Exclusive, unpublished writing. We’ve mentioned short stories, blog posts, essays or other writing that might interest your readers. On the HOME Page, you will definitely want a link to you blog, if you have one. How else might you include a link to exclusive, unpublished writing?

Author Schedules. Is there any way that a fan could meet-up, get a signed book, watch you speak, etc.? How will you address this on the HOME Page? What links–if any–make sense. Did you include this information on your NEWS Page? Or do you want to include some sort of calendar that lists your speaking schedule? If you speak a lot, there are many WordPress Calendar plugins which allow you to list details in a central place and then add it to various places using a widget. Do you need this?

Author’s Literary Tastes. Readers want lists of the author’s favorite writers and recommended books. Younger fans are also more interested in knowing about their favorite authors’ book, music, and movie recommendations. How can you include this on the HOME Page? Or will you put this on the ABOUT Page?

I’ve mentioned GoodReads widgets before because it automates the process of telling people what you are reading. If you use other sites or software to track this, then look for WordPress plugins to add this someway. You will also want to look for plugins to share your social media sites, Pinterest boards, and so on.

Insider Information. 36% of readers (especially men) want “insider” tidbits. YOU know why you killed off that mother in chapter three; explain that to the readers on your website. Most authors will include this information on the page for a certain book. But you can hint on the HOME page that this is available. The HOME Page is definitely not the place to put in-depth details. How can you hint at what you’ve included later, so readers know if they want to read more?

Freebies. Do you plan to provide downloadable extras like icons and sample chapters? How and where will you hint at this on the HOME Page? What links are possible? What links do you think are best?
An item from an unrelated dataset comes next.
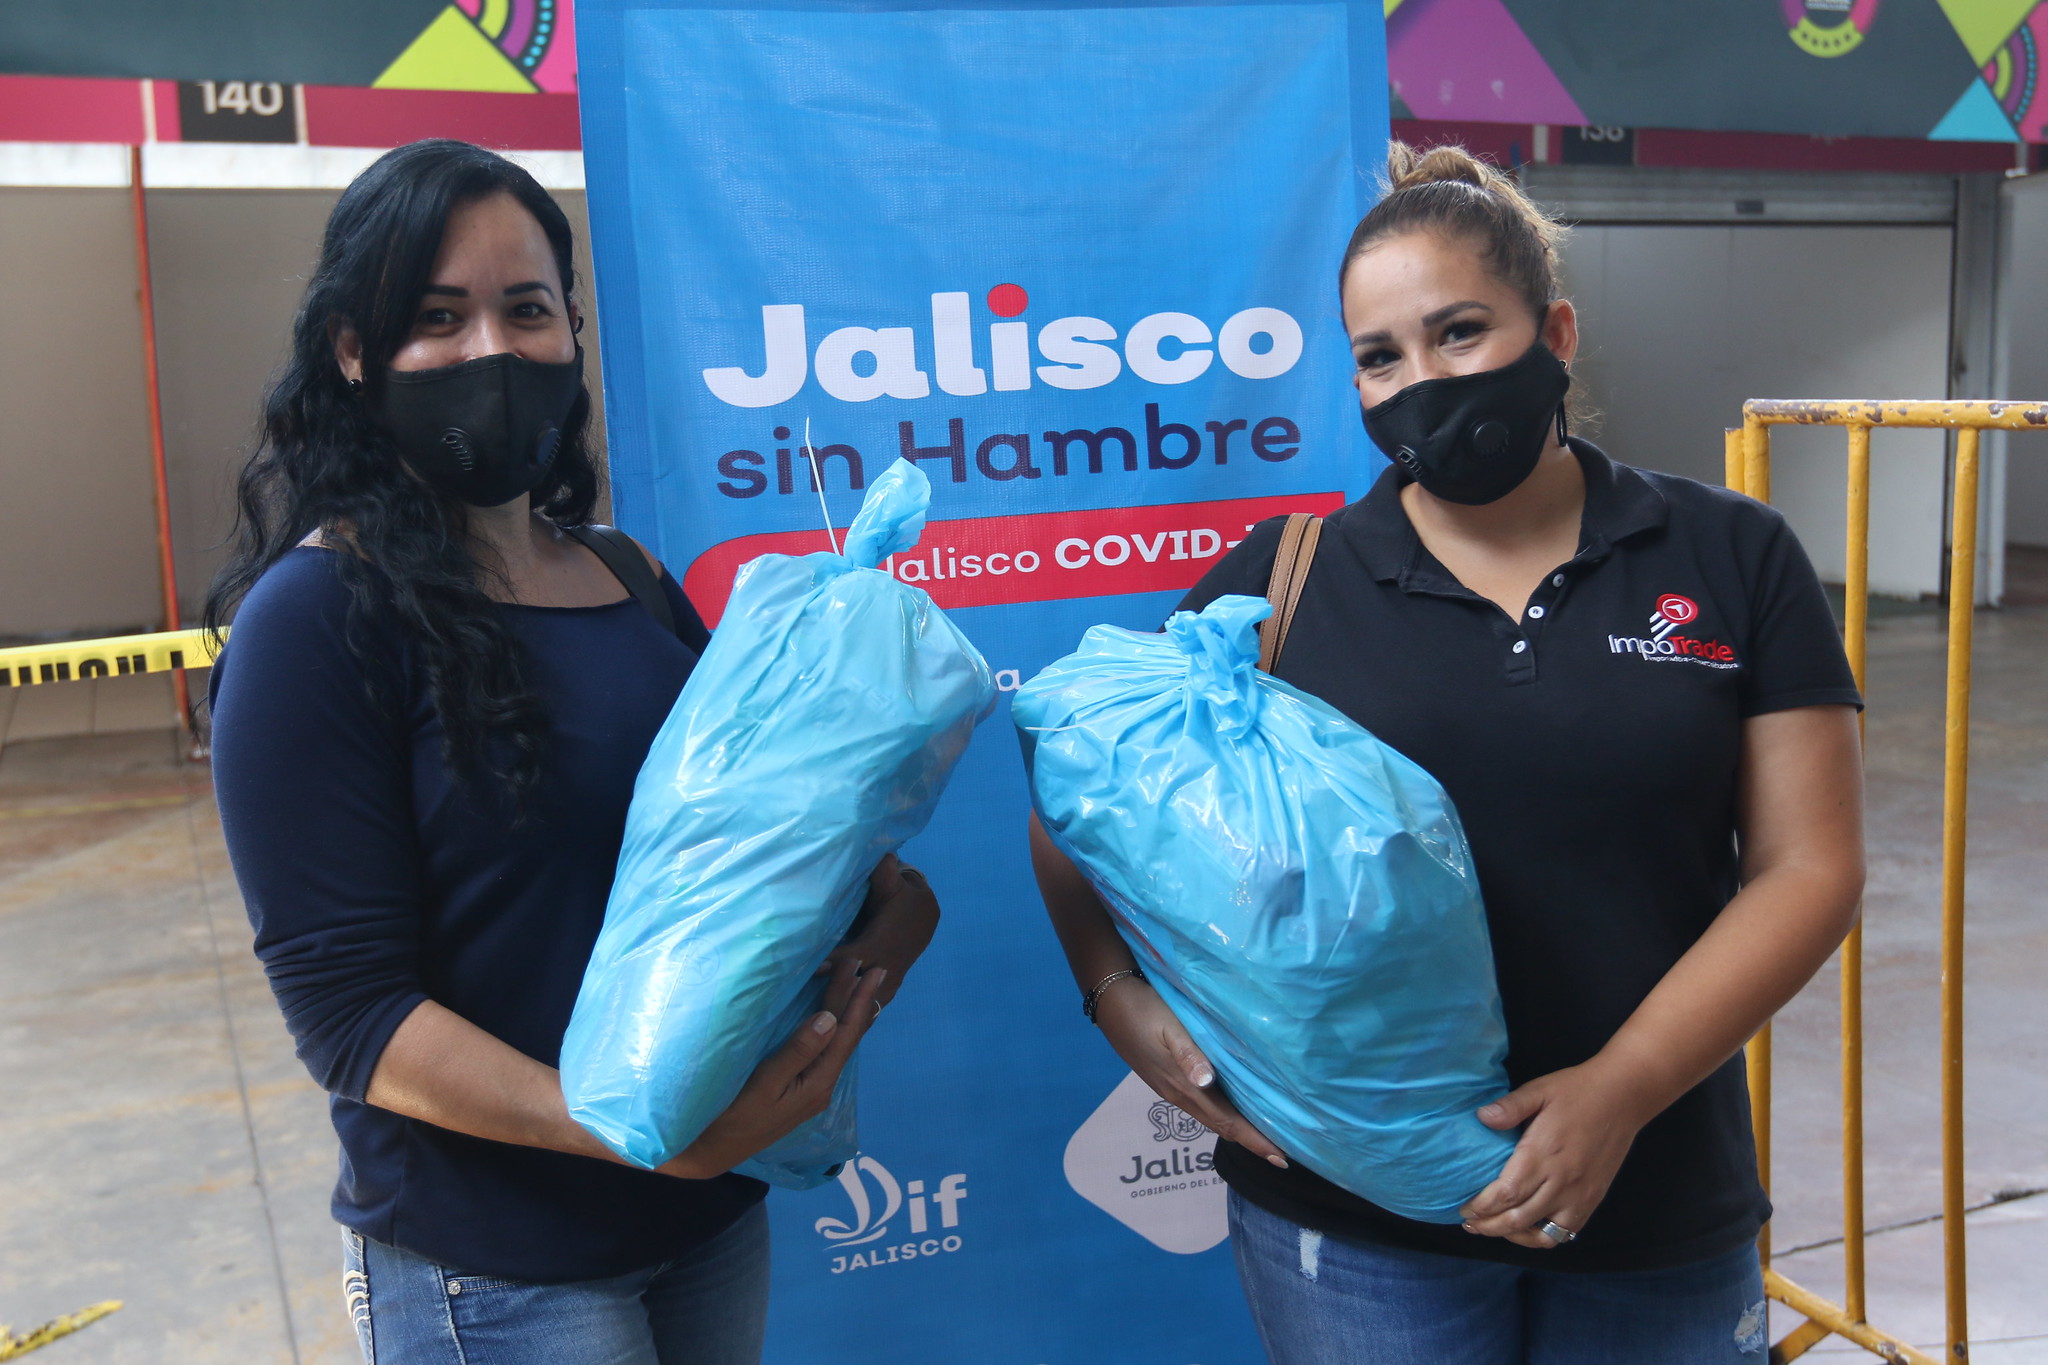 Esta semana DIF Jalisco benefició a más de 6 mil personas a través de Jalisco sin Hambre

Regular contact. You probably want a newsletter signup on the front page! This should be one of your main goals, to build your mailing list. These are people who say they WANT to hear from you, so put this somewhere up front and central. We’ll cover it more in detail later, but I use Mailchimp for my newsletters.

Fans under the age of 35 love contests, puzzles, and games, with prizes like autographed copies of books. As with freebies above, decide how to let your readers know that you’ve got extra stuff and decide How and Where you’ll link to this.

No Clutter, Please

You don’t want lots of clutter on your HOME Page. But you’ve got lots to offer. You’ll need to decide How and Where on this page you’ll link to your offerings. How often will you update the site? Will you use text or images to link to various things?

Decisions, decisions, decisions. Get this as right as you can at this point and come back to tweak as you develop the site more. The HOME Page is very important. But remember that often readers will enter your site through a specific link to a specific page. Deep-links to a specific page will represent about half of your site’s traffic. The rest will hit this HOME page, so make it as useful and attractive as possible. But, don’t stress out over it. Make the wisest decision you can right now and come back later to tweak.